Afresh is an AI platform for grocery that aims to reduce food waste and improve operational efficiency for grocers. As a Senior Software Engineer in Infrastructure, you will be responsible for building and enhancing the infrastructure that supports service teams, ensuring reliable and safe operations while implementing cost and performance improvements.
Responsibilities:
- Own and deliver infrastructure projects end-to-end, from problem definition and technical design through implementation, rollout, and iteration
- Build and improve platform primitives that make it easier for service teams to deploy, operate, and debug their services
- Improve observability and operational readiness so we can detect issues early, reduce time-to-recovery, and prevent repeat incidents
- Identify and implement cost and performance improvements across our cloud infrastructure and developer tooling
- Work closely with Security to implement practical security controls and protect sensitive data (for example, least-privilege access, secret management, and network controls)
- Participate in our on-call rotation and continuously improve monitoring and alerting to maintain a low page rate
- Stay current on infrastructure best practices and evaluate improvements with a pragmatic, impact-focused mindset
Requirements:
- 5+ years of relevant software engineering experience (or equivalent experience)

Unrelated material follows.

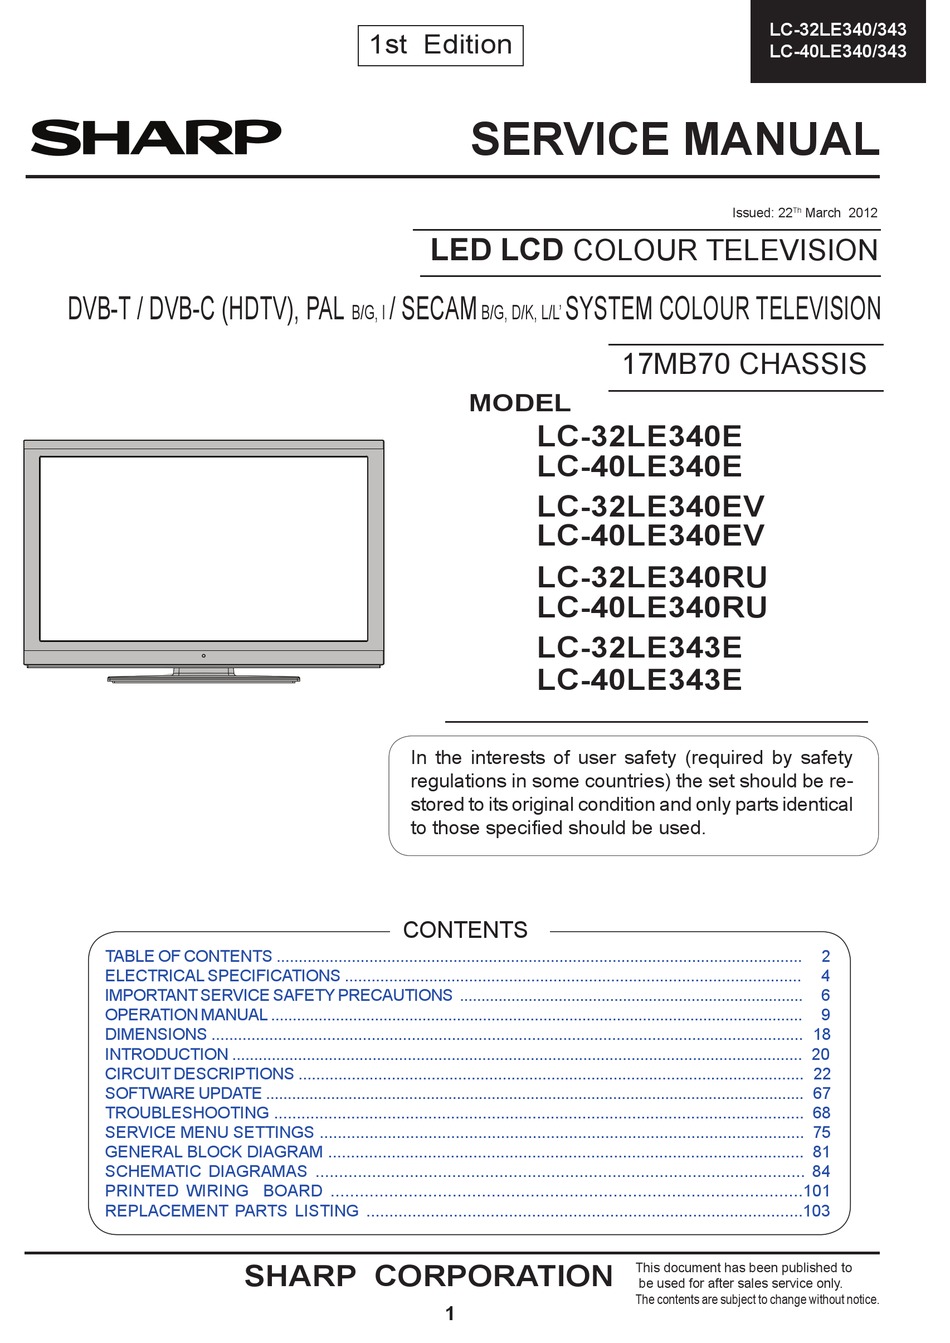 SHARP LC-32LE340E SERVICE MANUAL Pdf Download | ManualsLib

- Experience delivering complex technical work in production environments
- Ability to turn ambiguous problems into a plan and execute with a high level of ownership and good judgment
- Operated and maintained mission-critical cloud infrastructure with high uptime
- Designed and implemented scalable infrastructure (Azure preferred, but AWS/GCP are also fine)
- Experience with core cloud networking (VPC/VNet design, routing, DNS, load balancing, and connectivity)
- Led or played a key role in high-severity production incidents
- Troubleshot complex issues and restored service
- Wrote and maintained runbooks and playbooks to reduce MTTR
- Strong experience writing, maintaining, and operating production Terraform codebases
- Proficiency in at least one general-purpose programming language (Python preferred, but others are fine)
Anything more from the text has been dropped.